No multi-agent coordination. If you need Agent A to hand off to Agent B based on some condition, you build that routing yourself. LangGraph or CrewAI give you this out of the box. With the Claude SDK, it's your code.

No built-in tool execution sandbox. When Claude says "run this code," you need your own sandboxing. The SDK doesn't care what you do with tool calls. That's freedom, but it's also responsibility. The related post on deployment patterns goes further on this point.

No native checkpointing. If your agent crashes mid-workflow, you restart from scratch unless you've built your own checkpointing layer.

These aren't criticisms. They're trade-offs. Anthropic chose to keep the SDK thin and let you compose it with whatever infrastructure you already have. For teams that have opinions about their database, their queue, their serialization format, that's the right call.

Where It Shines in Production

The places where the Claude Agent SDK genuinely excels:

Streaming.
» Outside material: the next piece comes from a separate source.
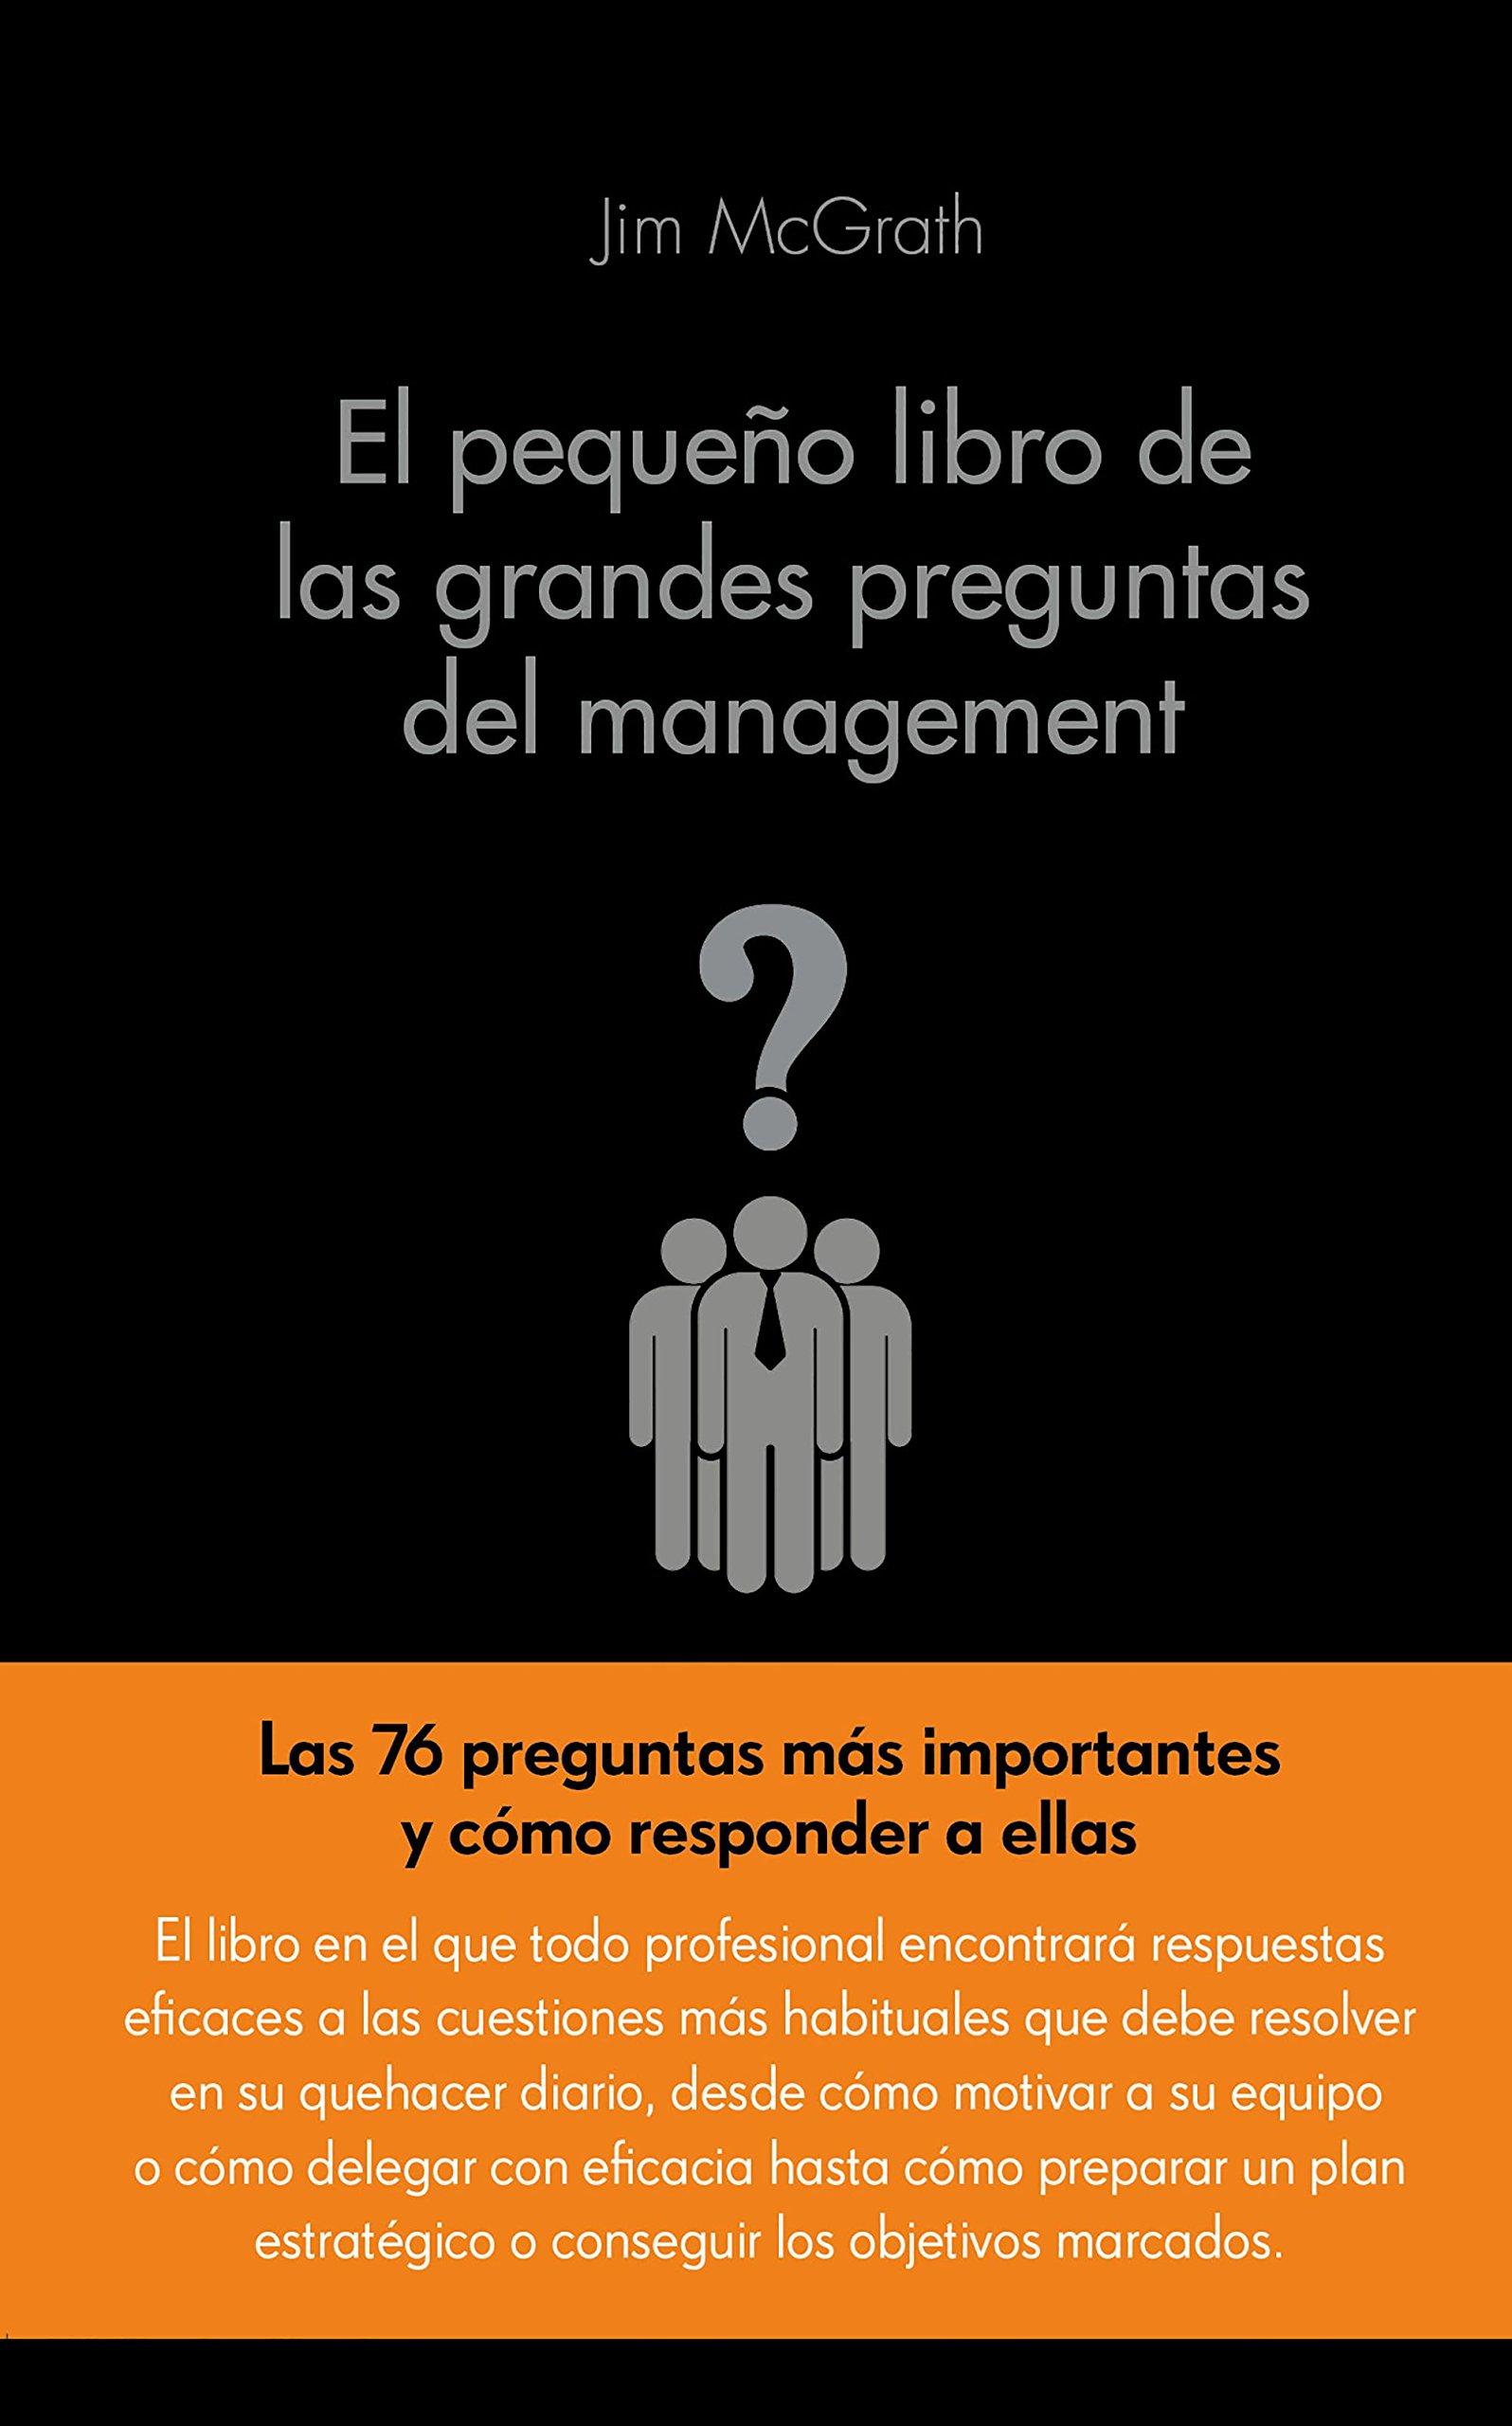 El pequeño libro de las grandes preguntas del management COLECCION ALIENTA:  Amazon.es: James McGrath, Mar Vidal Aparicio: Libros
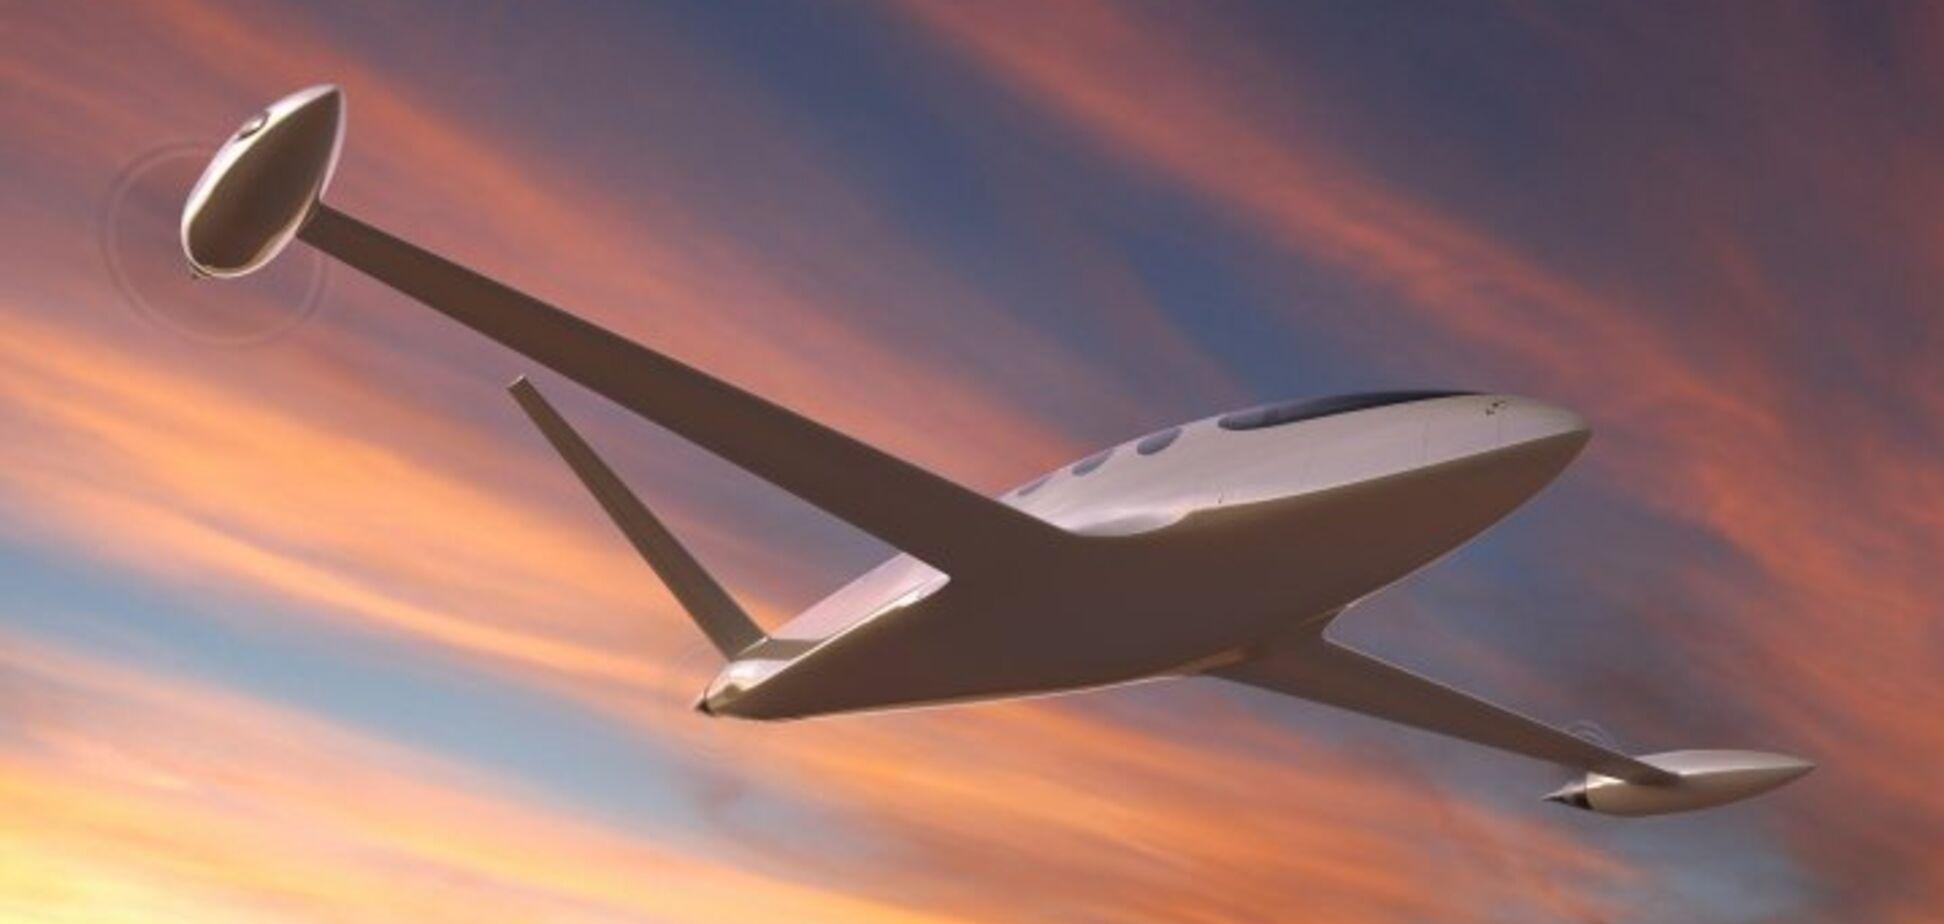 Електричний літак Alice назвали найкращим винаходом людства за версією TIME

The SSE streaming implementation is solid. You get thinking tokens, text tokens, and tool use blocks as they're generated. For user-facing agents, this means responsive UIs that show the agent working in real time.

Batching. The batch API lets you submit thousands of requests and get results asynchronously at half the cost. For offline processing, evaluation runs, and data pipelines, this is a significant cost advantage.

Token counting. The SDK gives you exact token counts for input and output. You can manage context windows precisely instead of guessing with tiktoken estimates. It is worth reading about Model Context Protocol integration alongside this.

Model flexibility. Same SDK, same tool definitions, same code. Switch between Haiku (fast and cheap), Sonnet (balanced), and Opus (maximum capability) by changing one string. Your agent architecture doesn't change when you change the model.

The Verdict

The Claude Agent SDK is not trying to be a framework. It's trying to be the best possible interface to Claude's capabilities. If you want an opinionated framework that makes architectural decisions for you, look at LangGraph or CrewAI. If you want a clean, well-typed SDK that lets you build exactly the agent you want without fighting against framework abstractions, this is it.

I use it for every single-agent system I build. For multi-agent orchestration, I reach for LangGraph or Mastra and use Claude as the underlying model. The SDK is the building block. What you build with it is up to you.

That's not a limitation. That's the point.